Melissa Joskow/Media Matters

Last weekend marked the sequel to 2017’s violent right-wing rally in Charlottesville, VA, that left one counterprotester dead and many injured. Unite the Right 2, as the anniversary event was dubbed, was poorly attended by a small coterie of white supremacists. The media focused a significant amount of their coverage of the event on a sensationalized version of the threat posed by the  loose, decentralized group of anti-fascist activists collectively known as “antifa.”

“Antifa clashes with police and journalists in Charlottesville and DC,” Vox declared. The Washington Post told its readers that “antifa protesters” had “harassed the press.” The headline of a piece in that paper’s opinion section asserted that “black-clad antifa again [gave] peaceful protesters a bad name.”

CNN personalities also weighed in with their disapproval on social media:

It’s easy to understand why the “black bloc” -- anti-fascist protesters who wear black masks when confronting racist groups -- attracts alarmist headlines, as images of masked ranks are both exotic and easy to otherize. And right-wing media have seized on this trend. As Media Matters’ Grace Bennett noted, Fox & Friends’ coverage of Unite the Right 2 entirely obscured the white supremacist intent of the event, instead sowing fear about an “antifa mob,” while The Daily Caller decried “violent antifa protests.” But according to experts on extremism and those who cover fascist and anti-fascist groups’ clashes on the ground, media fearmongering about antifa protesters obscures both the ideology and the real impacts of anti-fascist groups’ opponents -- the violent racists.

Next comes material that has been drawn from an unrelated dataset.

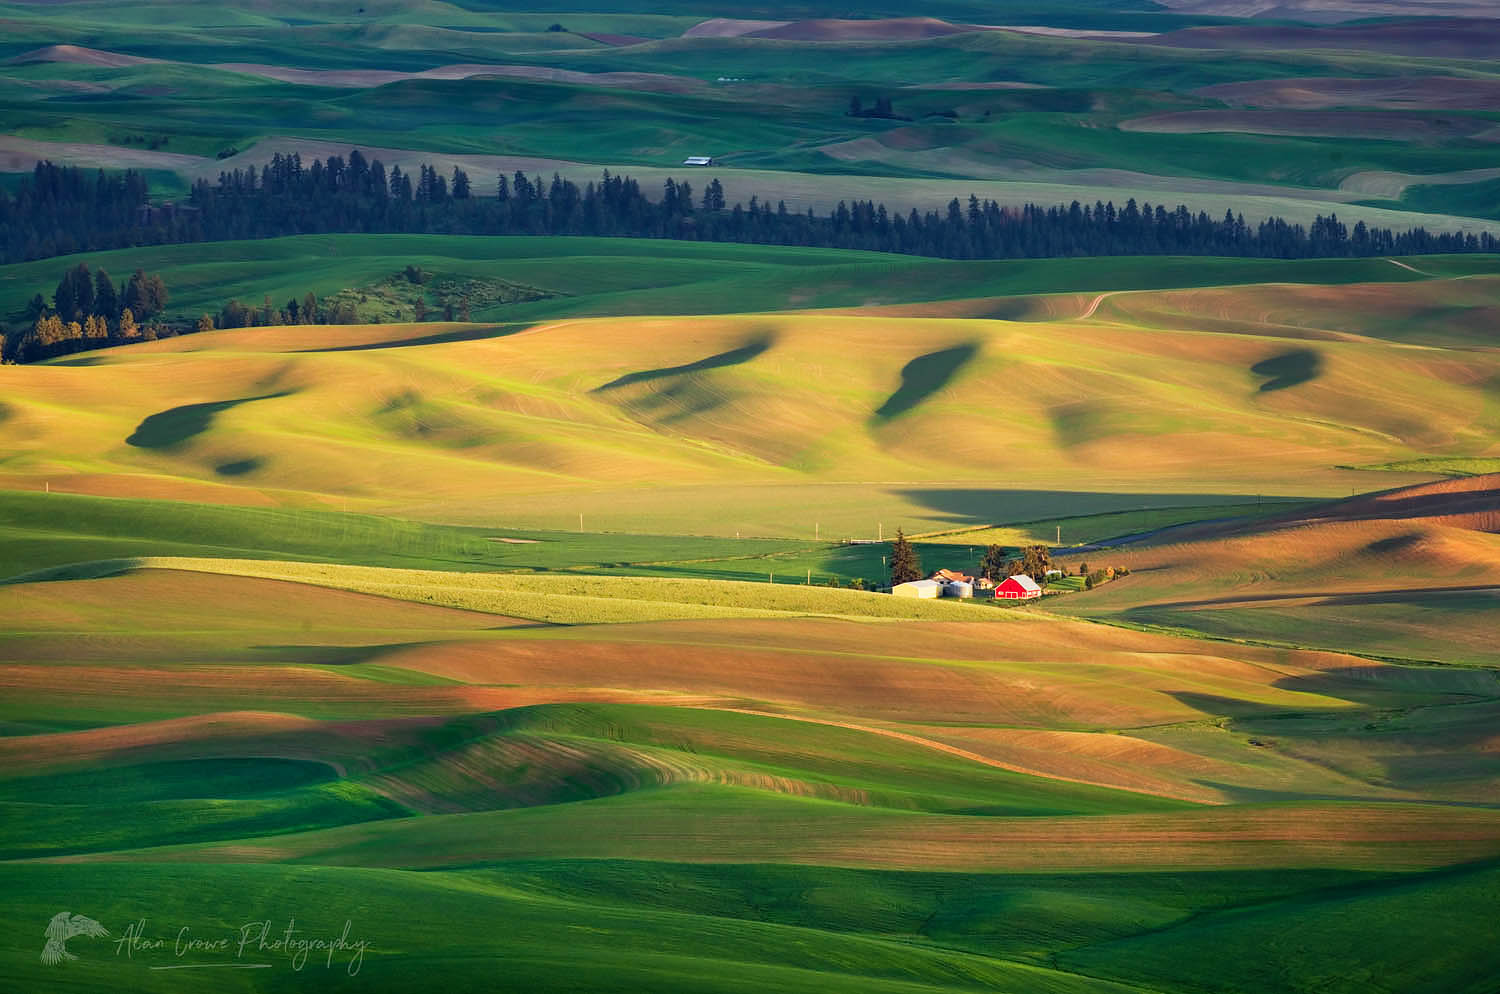 Rolling hills of green wheat fields seen from Steptoe Butte, the Palouse region of the Inland Empire of Washington #51649

A look at Washington Post and Vox coverage of antifa at Unite the Right 2 indicated that the most serious reported incident of antifa protesters confronting the press they described was when activists cut a local news reporter’s microphone cord, after expressing a desire not to be recorded.

“Reporters covering protests should also come aware that most black bloc activists do not want to be photographed, for fear of being doxxed by the far right, or identified by law enforcement,” Kelly Weill, a Daily Beast reporter who covers the far-right and its opponents and was present at the rally, told Media Matters. “[Journalists] should take into account the implications a photograph might have for its subject, and why that subject might object. When anti-fascists come into conflict with journalists, it’s in reaction to being filmed. They aren’t hunting the media, unlike their opponents who regularly dox and threaten journalists in attempt to silence them.”

Weill said the activists’ fear of being targeted by law enforcement is legitimate. She pointed, as an example, to a case in which the government charged hundreds who participated in a protest rally at Donald Trump’s inauguration with felony and misdemeanor charges after some of them were caught on camera at the protest.

“I've found people can usually tell whether you're making a good faith effort to listen to them, and they respond accordingly,” Weill said. She said she thought the relations between the journalists and antifa protesters “were fairly smooth” when factoring in “the nature of the event -- more than 1,000 journalists, protesters, and police [were] at an emotionally charged white supremacist rally where police occasionally shoved media and protesters together in densely packed kettles.”

Even though last year’s Charlottesville rally was violent -- it ended with a white supremacist driving a car into a crowd and killing counterprotester Heather Heyer -- fearmongering headlines about antifa led to a narrative of false equivalency. And that narrative quickly reached the upper echelons of the conservative movement, most notably the president, who felt empowered to place the “blame on both sides.”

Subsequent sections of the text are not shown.